* **DATASET EXCERPT**
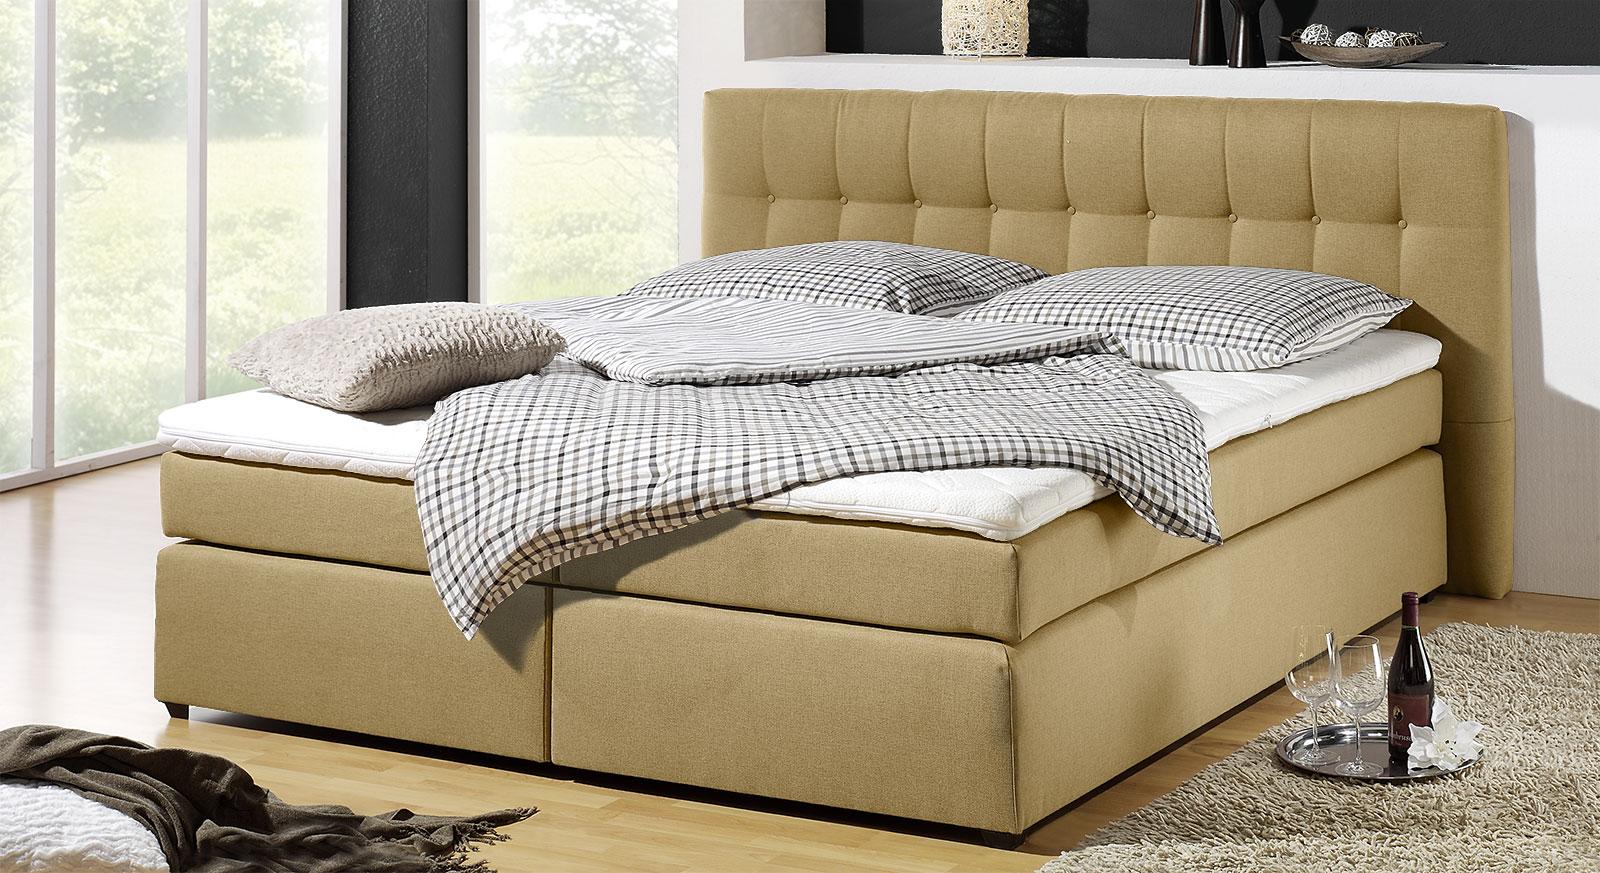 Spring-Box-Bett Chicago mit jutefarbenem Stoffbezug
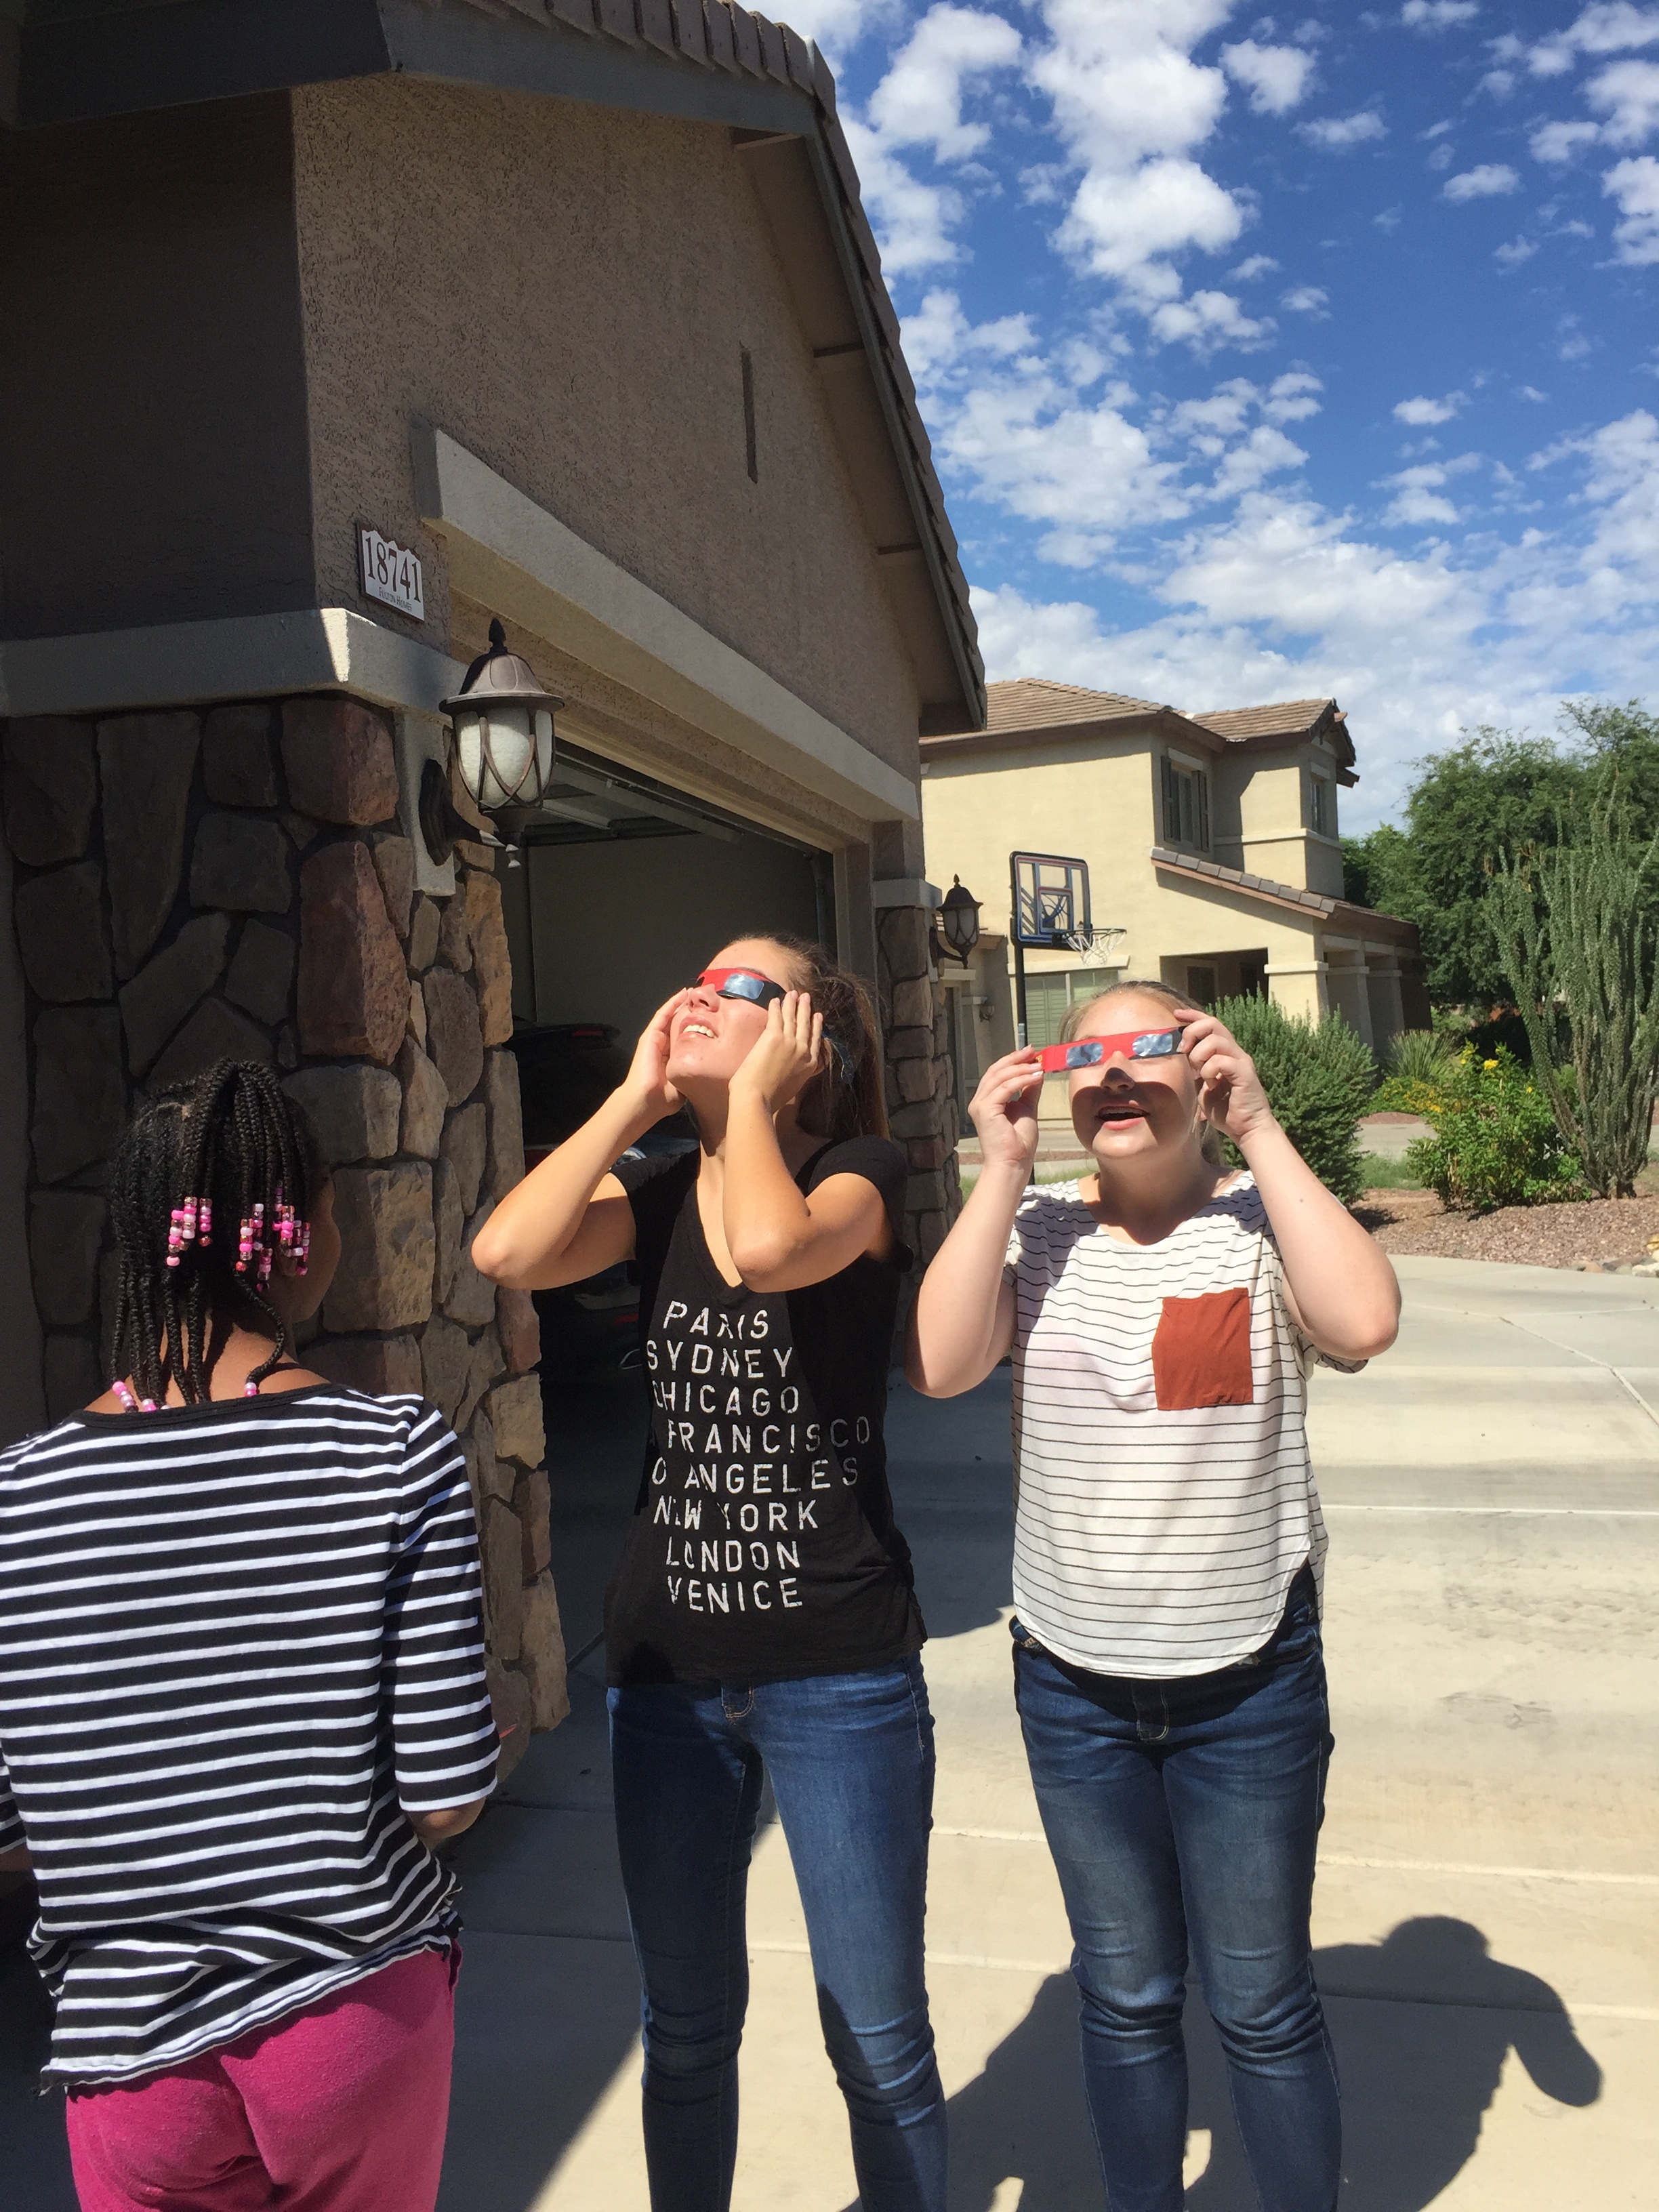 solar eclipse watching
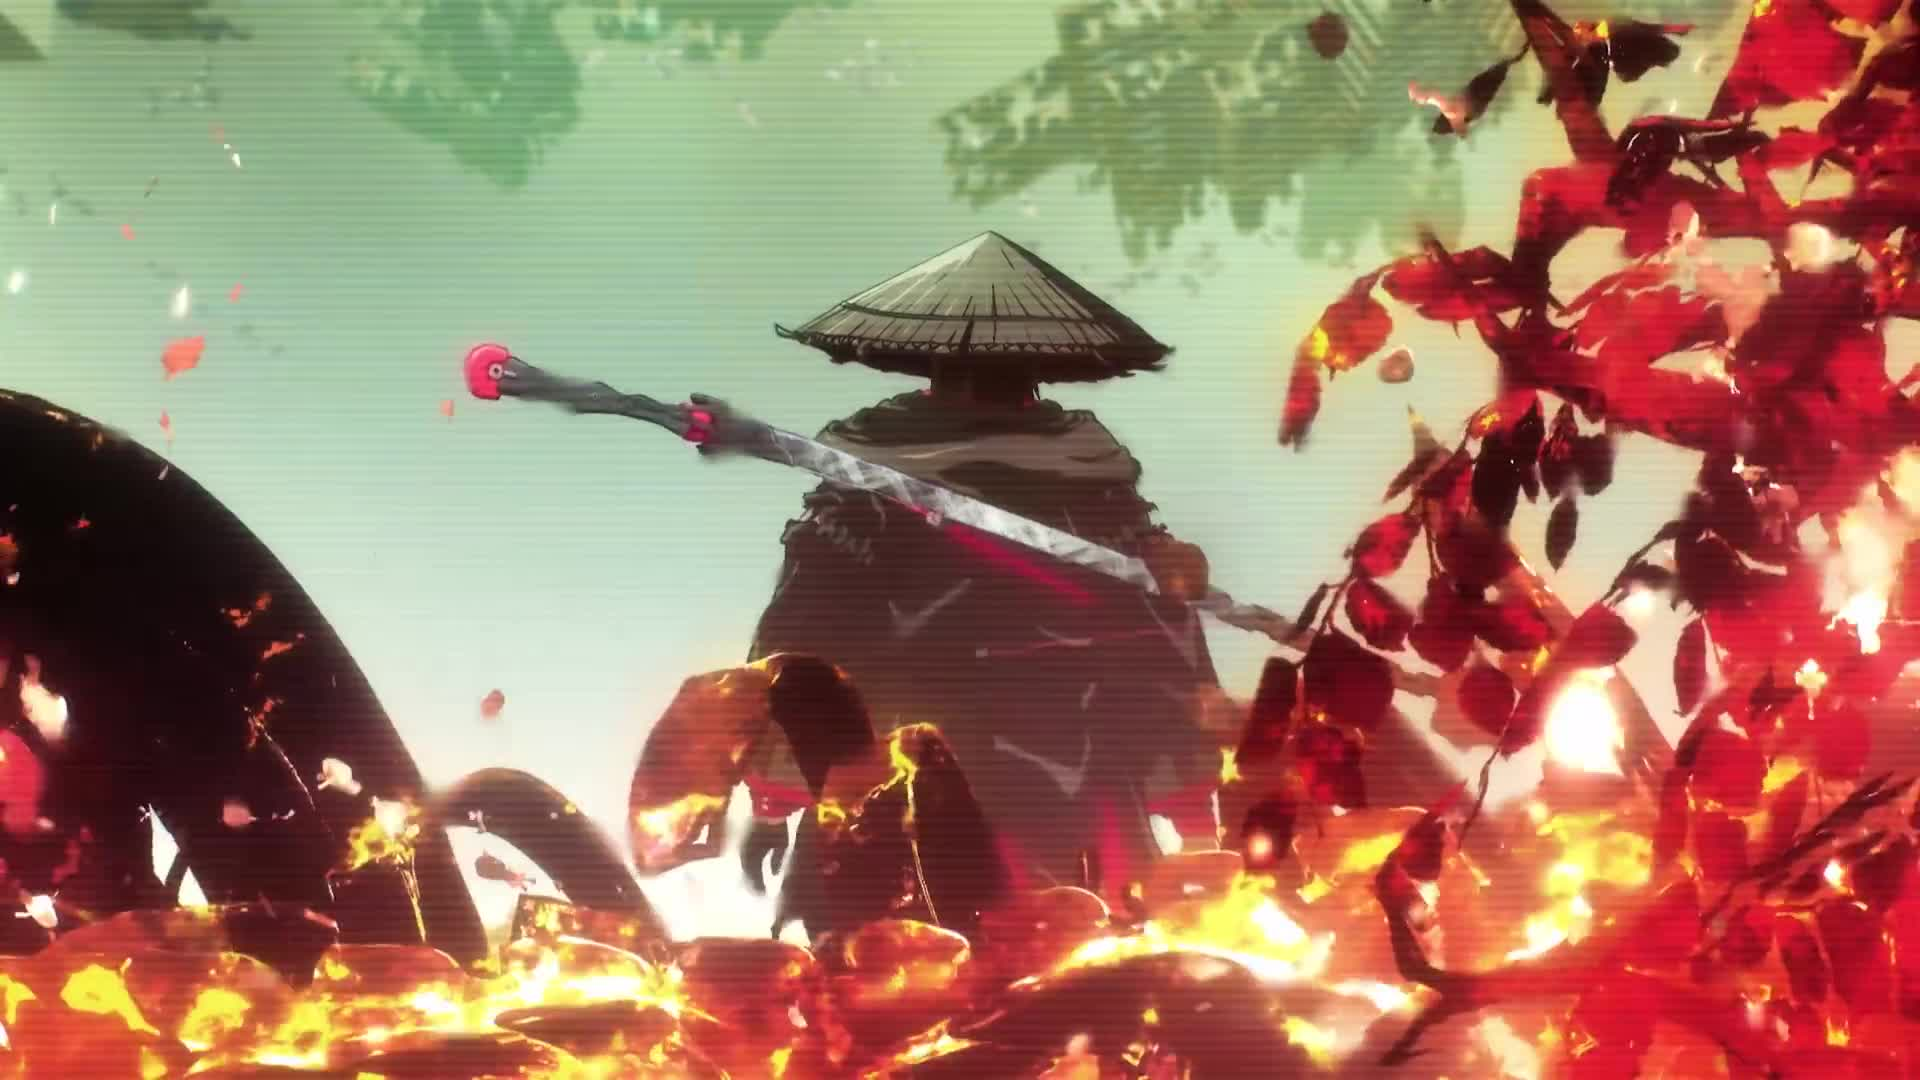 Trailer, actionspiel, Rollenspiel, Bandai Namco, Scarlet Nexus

* **INSTRUCTIONS FOR THE TASK**
An exact copy of the material above is required, free of any pictures.

* **OUTPUT FOR THIS TASK**
 Spring-Box-Bett Chicago mit jutefarbenem Stoffbezug
 solar eclipse watching
 Trailer, actionspiel, Rollenspiel, Bandai Namco, Scarlet Nexus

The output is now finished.